Interpretations of house plans from Sha'ar HaGolan, communal installations at Munhata, and figurine assemblages have been compared to social reconstructions at Çatalhöyük, Beidha, and 'Ain Ghazal, and debated in literature from the Institute of Archaeology (Hebrew University) and the British Museum. Mortuary and ritual practices inferred from burials and symbolic artifacts have been framed using analogies to discoveries at Jericho, Tell Brak, and Göbekli Tepe, while gender and craft specialization discussions reference studies of figurines in the collections of the Israel Museum, the British Museum, and the Metropolitan Museum of Art. Community-scale organization models draw on ethnographic parallels developed by scholars associated with the University of Cambridge, the University of Chicago, and University College London.

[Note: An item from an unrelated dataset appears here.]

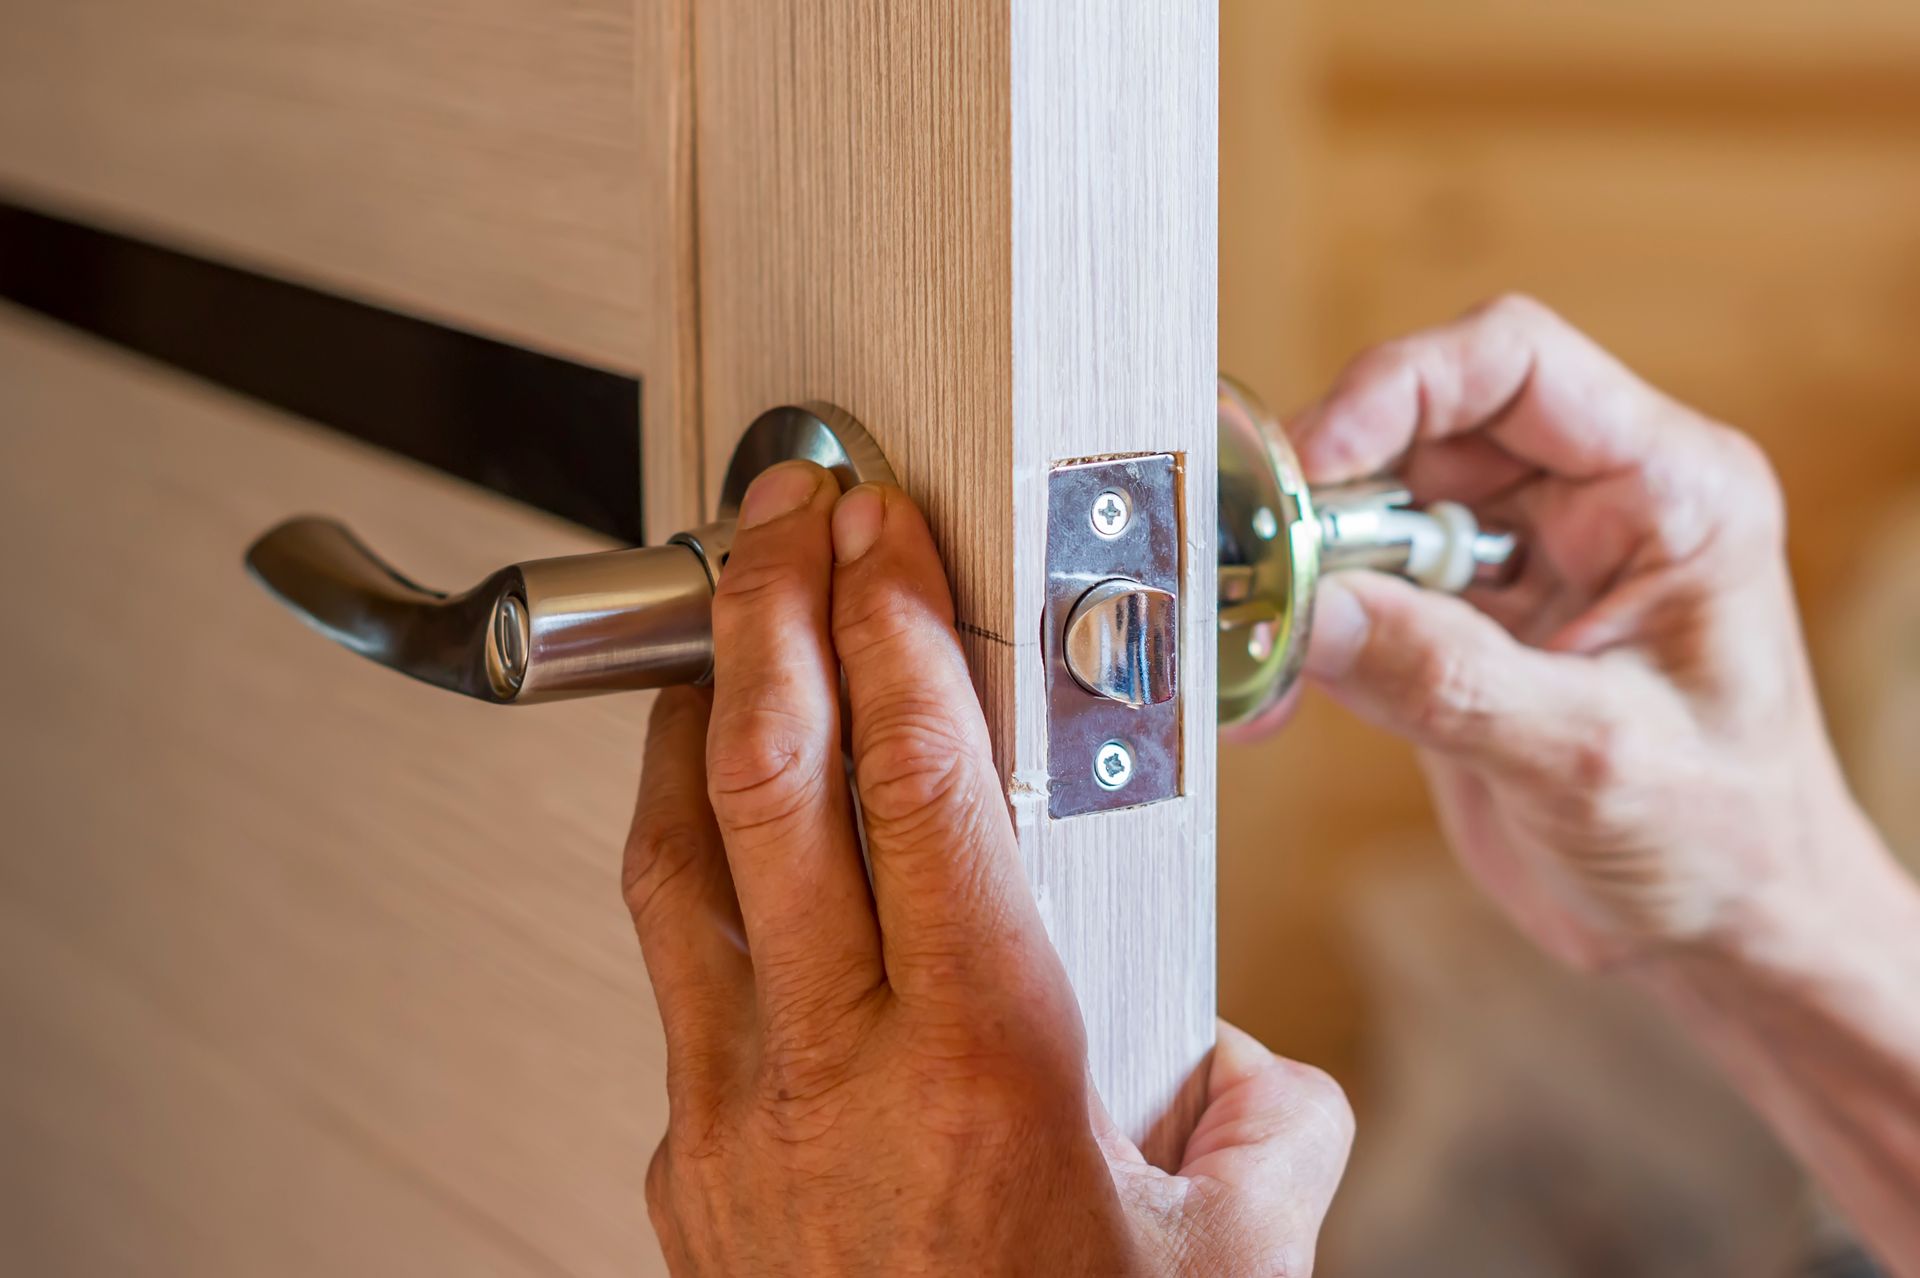 a person is installing a door handle on a wooden door

Major excavations at Sha'ar HaGolan were conducted by teams led by figures affiliated with the Hebrew University of Jerusalem, Tel Aviv University, and the Israel Antiquities Authority, with earlier surveys by the British School of Archaeology in Jerusalem. Methodological approaches include stratigraphic excavation influenced by Kathleen Kenyon, radiocarbon dating coordinated with laboratories at the Weizmann Institute and Oxford Radiocarbon Accelerator, and GIS and remote sensing techniques applied by researchers from the University of Haifa and the Open University. Conservation and curation of Yarmukian finds involve partnerships with the Israel Museum, the British Museum, and the Palestinian Museum, while ongoing scholarship appears in journals published by the American Schools of Oriental Research, Cambridge University Press, and the Israel Exploration Society.